謄写印刷器材店のPR誌から覗いた戦前・戦後史
昭和23年(1948年)

昭和謄写堂は昭和20年(1945)4月の空襲で店舗を焼失しましたが、翌21年に再建され、営業を再開しました。そしてこの23年、九州から竹内三二郎氏が上京して編集部に復帰したのを機に、『昭和堂月報』を再刊しました。

編集陣には、竹内氏、草間京平氏のほか、戦前に入店した浅野一郎氏、商業デザイナーの吉本時昌氏、小谷博貞氏が加わり、製版・印刷には、 その後の孔版界・軽印刷業界で活躍する水谷清照氏、八木寛氏らが当たりました。

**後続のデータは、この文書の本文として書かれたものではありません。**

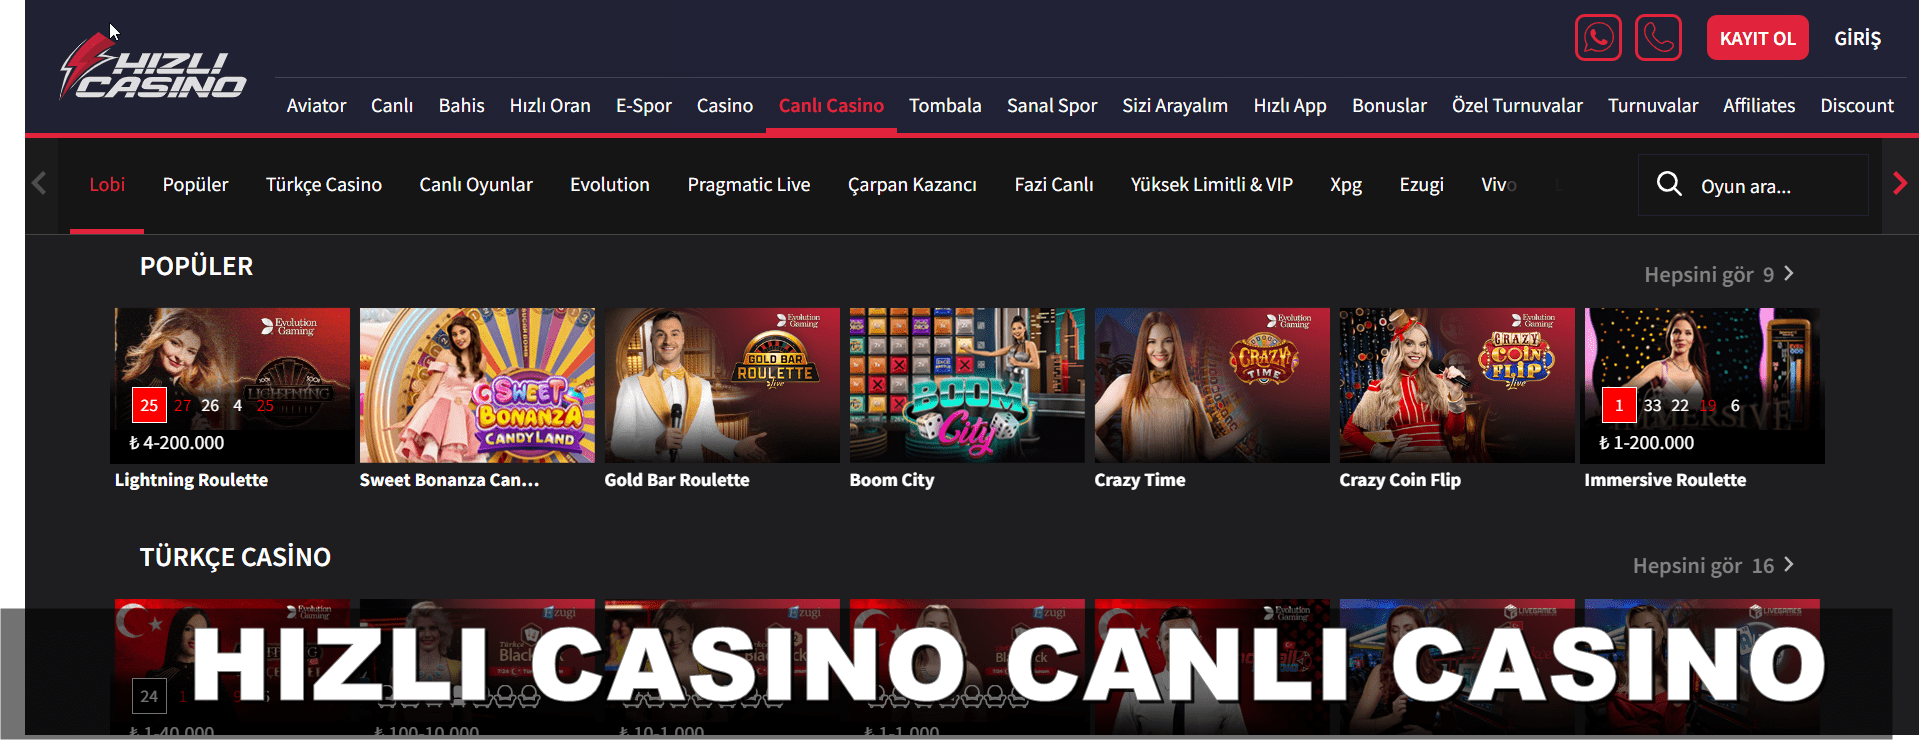 hizlicasino canli casino
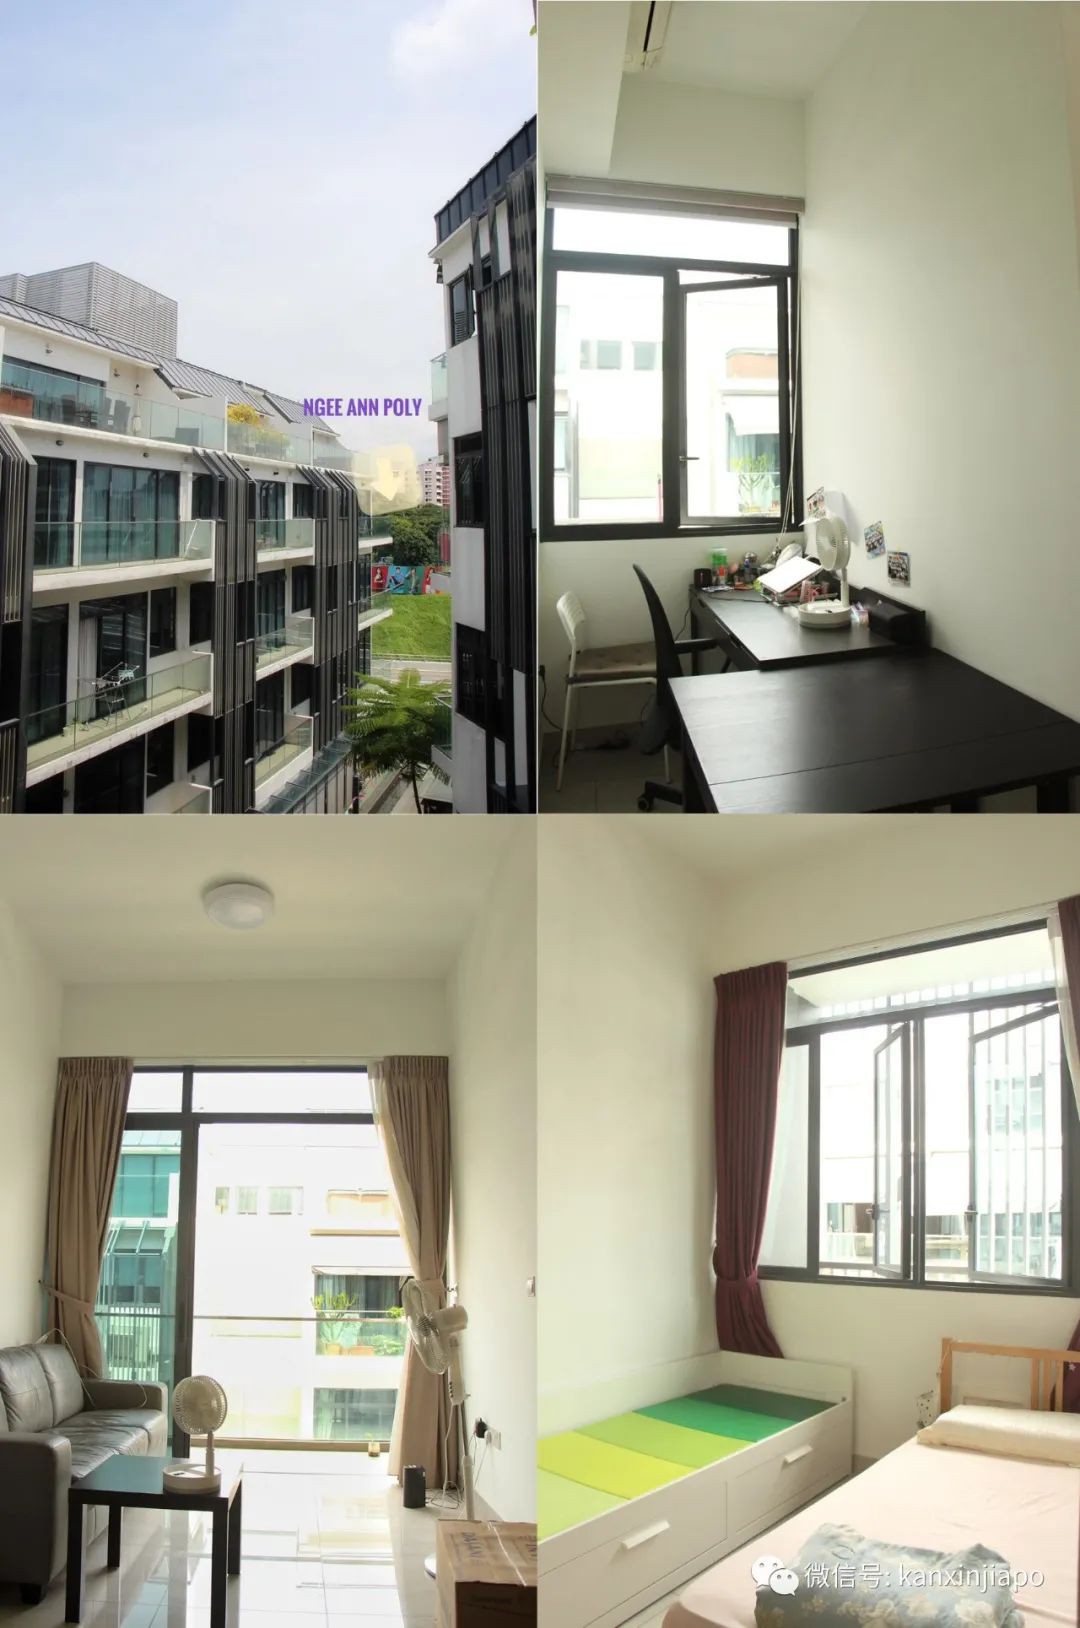 新加坡房屋出租求租信息彙總，找幹淨搭房、超大露台加落地窗

さらに、群馬から上京した小針美男氏が入店し、月報が102号で休刊するまで、編集、執筆、製版、印刷のすべてにわたって月報の発行を支えることとなりました。左の図版は、月報No.6の「新人紹介コーナー」に載った小針氏の作品です。

月報は年内に8号まで発行され、若山八十氏氏、小泉与吉氏ら、孔版界のトップスターから多くの寄稿がありました。 草間京平氏も、新しい技法や器材について毎号原稿を寄せました。右は「立体製版」という技法の説明に使われたカットです。

この年の謄写印刷界のビッグニュースは、9月10日から19日まで新宿伊勢丹で開催された「謄写印刷発祥五十五周年記念孔版文化展」です。粗悪な事務用印刷という一般の常識を覆すために業界人が取り組んだ、事実上最初の大きなイベントでした。この年は他にも各地で同様の催しがありました。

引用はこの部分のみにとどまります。